4. Fourth Sentence: "Complete transparency of paradigms (show node inputs and outputs and mark roles in the format 'role1⊕role2⊕...' only when the instruction starts with [transparent], showing the real process and basis of processing)"

   • Content Analysis:
     This sentence emphasizes "complete transparency of paradigms," but only when the instruction starts with " [transparent]" will it show detailed processes (inputs, outputs, role markings, and basis). This provides controllable transparency: by default, only results are shown, but under optional conditions, internal logic can be exposed (such as decision basis).
   • Type Matching:
     • This belongs to more advanced prompts (final evolution stage), as it introduces conditional transparency and metacognition (AI explaining its own processes). System-type prompts typically do not emphasize transparency, while more advanced prompts focus on interpretability, user control, and adaptive output.
     • Specific features:
       • Format marking ("role1⊕role2⊕...") visualizes role overlay, enhancing readability.
       • Conditional triggering ("[transparent]" instruction) allows users to control information depth, reflecting the interactivity of intelligent systems.
     • It relies on system-type foundations (nodes and chains), but adds advanced functionality.

Overall Type Summary#

• Core Type: Enhanced-type prompt, specifically positioned in the system-type stage, and carries features of more advanced prompts.
  • Why System-Type?
    The entire prompt defines a protocolized execution process (waiting for instructions → role overlay → task decomposition → transparency control), forming a closed-loop system. It emphasizes structured processing (node chains), recursive logic, and dynamic adaptability, aligning with the core of system-type prompts: decomposing tasks into manageable components and achieving scalability through rules (like recursive calls).
  • Why Advanced Features?
    • Dynamic Role Overlay: Surpassing static role-type, allowing roles to integrate based on context, enhancing knowledge capabilities.
    • Recursive Decomposition: Self-referencing protocol when handling complex tasks, reflecting self-similarity and evolution.
    • Conditional Transparency: Users control process display through "[transparent]" instruction, increasing interactivity and interpretability, a hallmark of more advanced prompts.
  • Evolution Stage Positioning:
    It integrates role-type (role dynamic overlay) and system-type (task recursive breakdown), evolving into more advanced stages (paradigm transparency), but system-type is the dominant framework. Thus, it can be seen as a transition from system-type to more advanced.

Additional Explanation#

• Reasons for Not Belonging to Other Types:
  • List-Type: No enumeration of steps or lists, but describes a dynamic process.
  • Jailbreak-Type: No content aimed at bypassing restrictions or gaining unconventional capabilities, focused on task enhancement.
  • Instruction-Type: Although it has instruction elements ("waiting for command activation"), the overall is a system rather than a single command.
  • Pure Role-Type: Roles are tools rather than core, serving the system process.

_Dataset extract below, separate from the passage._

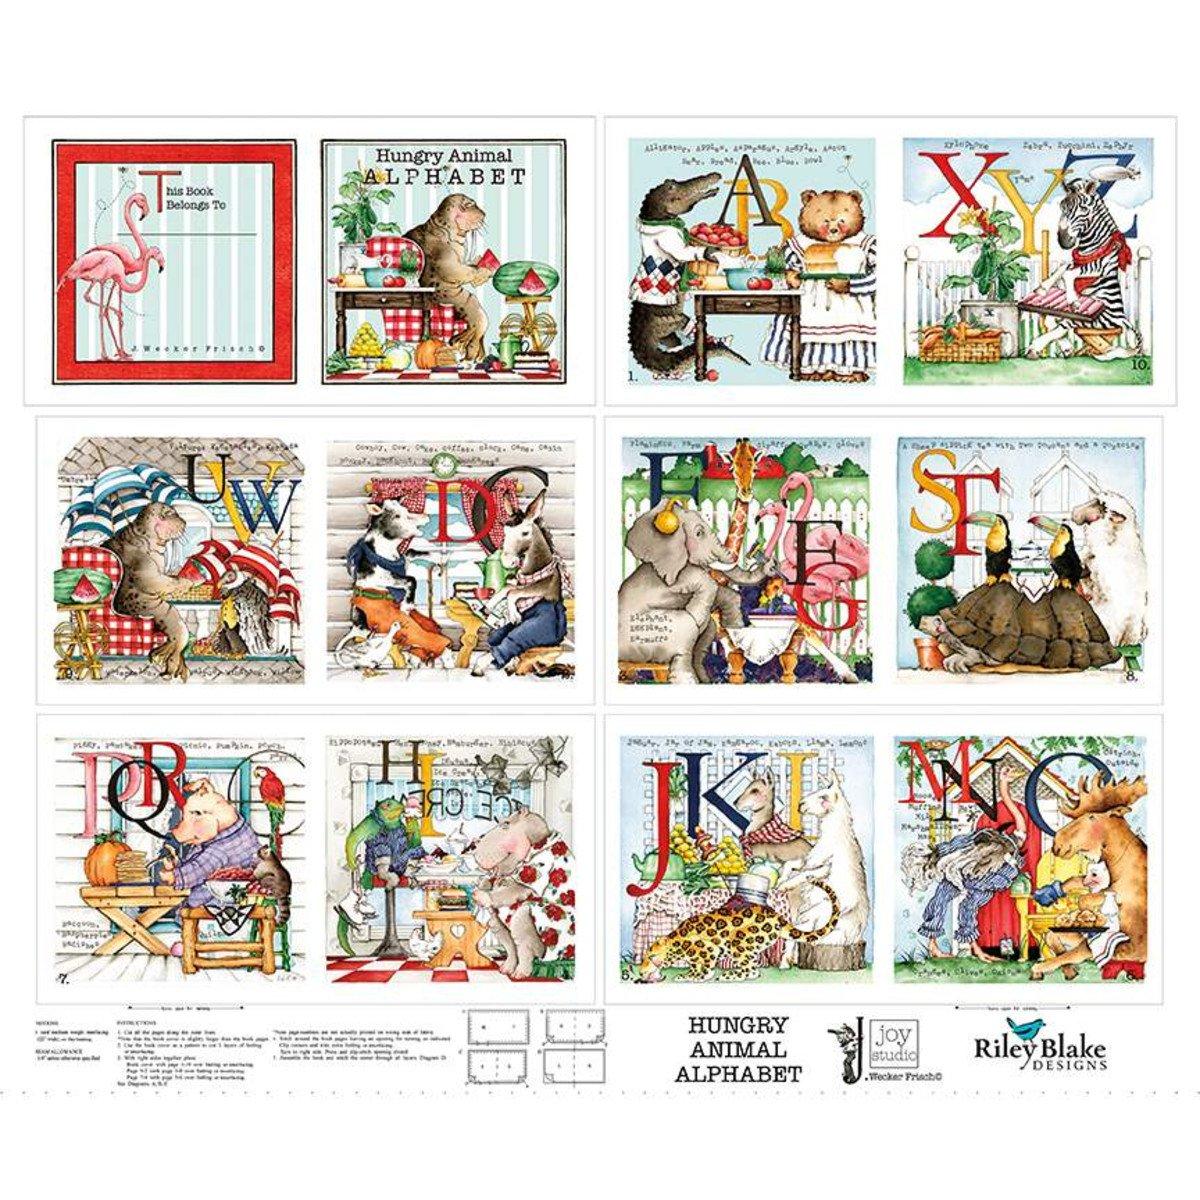 Hungry Animal Alphabet Soft Book Panel

This prompt showcases the evolutionary trend of enhanced-type prompts: from simple instructions to role-playing, then to a systematized framework, ultimately adding intelligent features (like recursion and transparency). It can enhance the efficiency and interpretability of AI in processing complex tasks in practical applications, but care must be taken, as recursive calls may increase computational load, requiring testing and optimization in specific scenarios.